Theater Basel, Schauspielhaus
Premiere
"Die Zofen"
Autor: Jean Genet
Regie: Susanne Heising
Bühne: Martina Ehleiter
Mit Isabelle Menke, Johanna Falckner, Claudia Jahn
Das böse Spiel
Sie beschimpfen, beissen und schlagen sich. Sie spucken sich oft ins Gesicht, die Eine der Anderen, die Claire der Solange und retour, und grinsen dabei. Ist die Madame aus dem Haus, tanzen die Zofen ihre Choreographie der Unterwerfung. Zofe Solange (Menke) im engen Lederjupe wirft sich ergeben wie ein Mönch flach auf den Bauch, vor ihrer Zofenschwester Claire (Falckner), die sich Fummel und Klunker von Madame gleich schichtweise übergezogen hat, und auf dem Bett von Madame einen sonderbaren Tanz der sieben Schleier vollzieht. Sie monologisiert gespreizt von ihrem Liebsten, dem sie bis ans Ende der Welt folgen wolle.
Claire spielt nicht bloss Madame, sie darf, ja soll, ja muss jetzt Madame sein, und Solange richtig demütigen: Ihr etwa eine Affäre mit dem Milchmann vorhalten. Das alles ist natürlich der pure Inzest, und der Milchmann ist eben bloss der "Milchmann": Eine Schablone mit schlüpfrigem Klang, um das geschwisterliche Spiel mit Verachtung, Hass, Geilheit auf der Negativspirale einen Zacken weiter zu treiben.

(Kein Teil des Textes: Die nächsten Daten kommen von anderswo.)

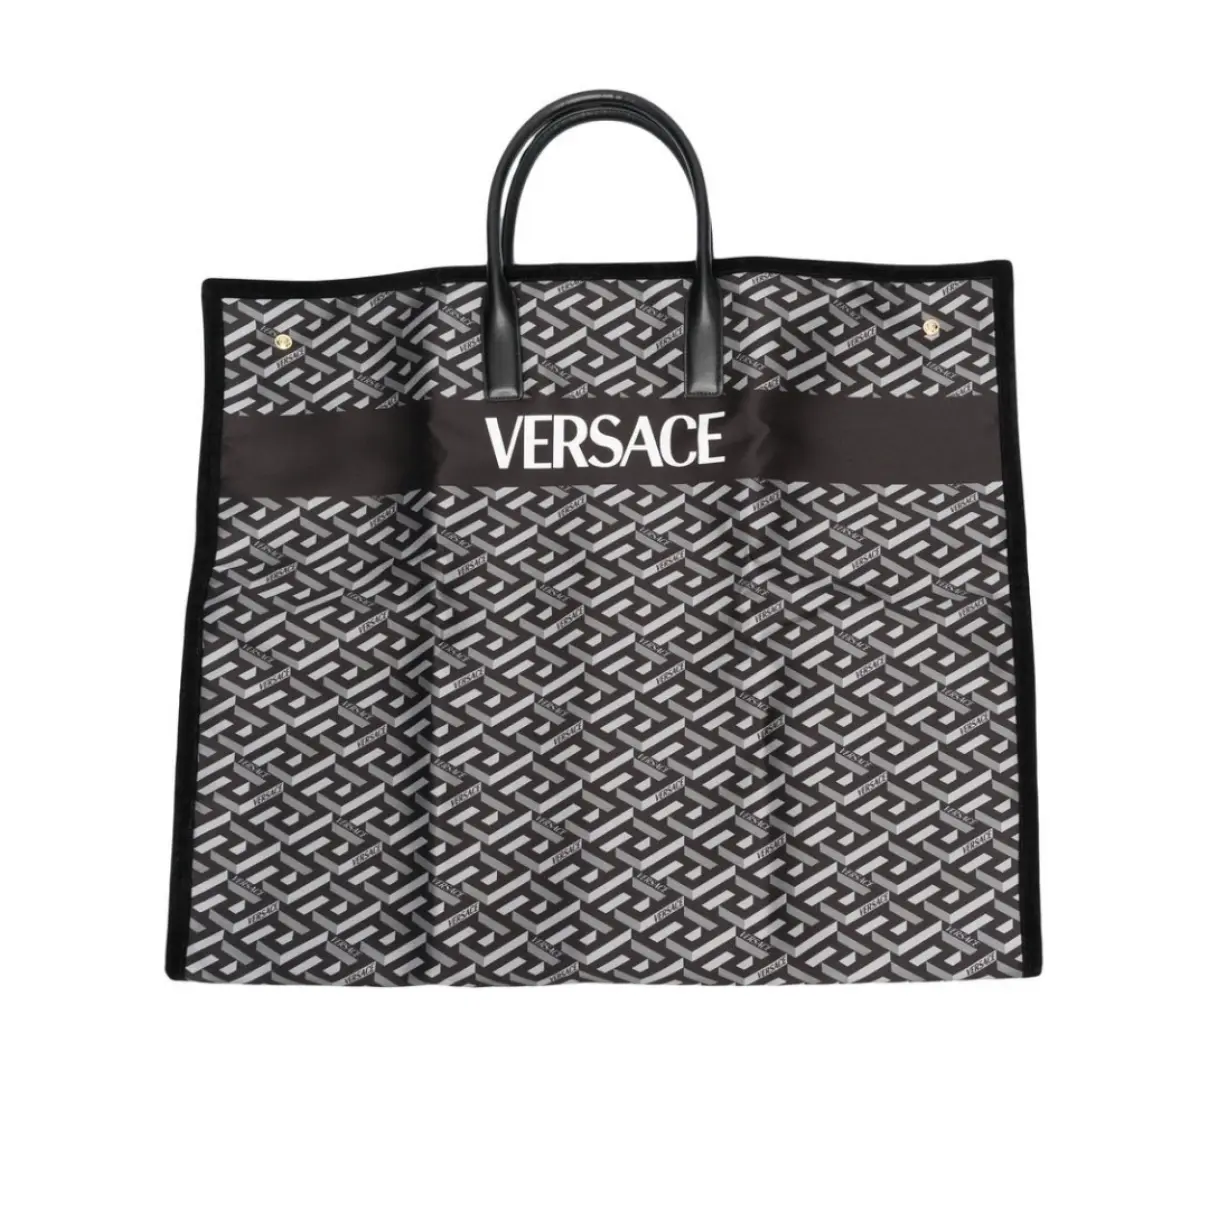 Buy Versace Tote online

Aber die Choreographie hat sich abgenutzt. Das Leben ist längst vorbeigezogen an den älter gewordenen Mädchen, hier auf der Kleinen Bühne eingesperrt in einem eiskalten Designer-Loft mit hohem Maschendrahtzaun und Lilien, beleuchtet von einem grellen Weiss, das schmerzt, aber nichts wirklich erhellt. Wenn sich also Menke und Falckner angrinsen, dann grinsen sie mit leeren Augen. Das böse Spiel, das dauernd gespielt werden muss, weil es eben gespielt werden muss, ist das Einzige geblieben, es wird siegen, sie mussten es steigern, und so endet es tödlich. Den Liebsten von Madame haben sie bei der Polizei verleumdet, Mordanschläge haben sie geplant. Die Todesangst, die Menke ihrer Solange ins Gesicht schiessen lässt, ist ein toller Kick. Ihm bleibt sie verpflichtet. Am Ende steht da eine Tasse mit vergiftetem Lindenblütentee für Madame. Madame ist es nicht, die sie austrinkt.
Der Schock, den die Uraufführung 1947 auslöste, kann sich mit dem Stoff nicht mehr wiederholen. Die adlige Herrschaft, die auf moralische Höherstellung Anspruch erhebt, ist heutzutage längst vom Sockel gestossen. Regisseurin Susanne Heising liess Solange sogar Madame duzen, Claire hingegen nicht, und sie schafft so ein weiteres hierarchisches Gefälle im Trio. Zofen, das gibt es nur noch in einschlägigen Sex-Inseraten: Sadomaso zieht noch immer.
Die Jung-Regisseurin hat darauf den Schwerpunkt gelegt und führt in ihrer Debut-Inszenierung pausenlos entsprechende Bild-Chiffren vor. Lilien werden zu Peitschen. Bevor die gnädige Frau nach Hause kommt, bespucken die Zofen das ganze Bett. Und es ist wirkt eine unangemessene Vertraulichkeit, wenn Solange für die Herrin eine Zigarette im eigenen Mund anzündet und sie ihr dann erst rüberbringt. Den abgewetzten Begriff von Erotik in der Reibung des dauernden Spiels betonen die dauernden Kleiderwechsel der Zofen.
Und jetzt gibt's da aber noch einen Text, der mit dunkler Poesie dem Spiel, dieser Choreographie der Zofen, einen doppelten Boden gibt: Die böse Moral, die negativ gemeinte Ironie, die in die Figuren hineinführt. Das kommt in der Atemlosigkeit permanenter Aktion und auch teilweise unnötiger Spielereien zu kurz. Über Strecken wird der Text behandelt als wäre er Material, das es eher zu "bewältigen" gilt. Am Ende aber darf Menke in einem kurzen, vibrierenden Monolog brillieren. Der Abend unterhält, man folgt ihm mit Interesse und teilweise mit leisem Schrecken. Das Publikum applaudierte freundlich am Premierenabend.